Love the MS home page from the 90s!
This is one of the most entertaining and informative posts I have ever read about content marketing, \n\nThe post covers the definition of content from many perspectives and this is what I like about it.\n\nNicely Done.
Good post Ria, and nice job digging up that old 90’s MS stuff.\nYou summed up pretty well the reasoning for the trillions of pieces of content added to the internet daily, the lion’s share of which will likely be read by hardly anybody.
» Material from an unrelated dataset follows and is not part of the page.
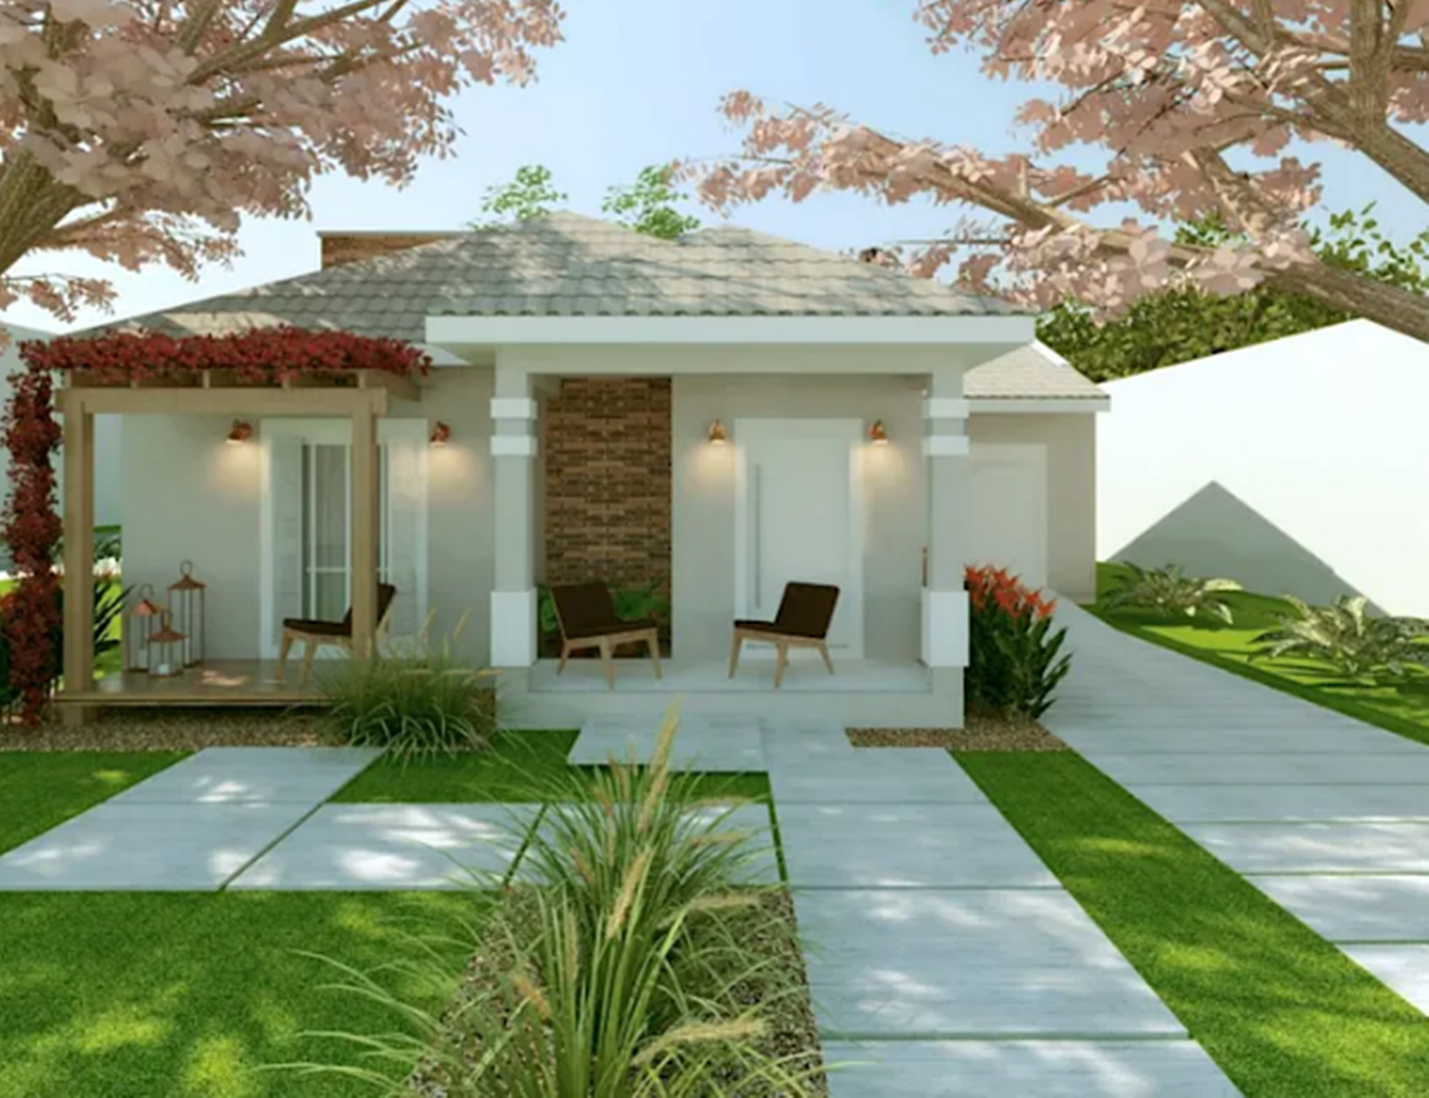 11 Desain Bentuk Rumah Sederhana Tapi Elegan Terbaru 2020

reminded me like watched “back to the future” by Michael J Fox
Both of them (Bill Gates and Sumner Redstone) were such a fortune teller :) Time and now, content has proven itself to be the sole successor of this dynamic world. I believe if marketing is a nation then content is certainly the king. Glad reading this insightful piece. This is awesome…!
content IS everything
The term “content is king” has become quite the controversial topic recently. Some prefer to say that backlinks are, in fact, more important. I believe that both go hand in hand. You can’t build backlinks without content, and it has to be good high quality content. This is especially true in the age of white-hat SEO techniques.
We recently published an article on keyword research and how to find trending topics to blog about. During our research, we came across this page and referenced it in our post. I don’t think many people are aware it was Bill Gates who coined the terms more than 20 years ago!
Thanks for providing your research, it was definitely helpful to us in putting together our information.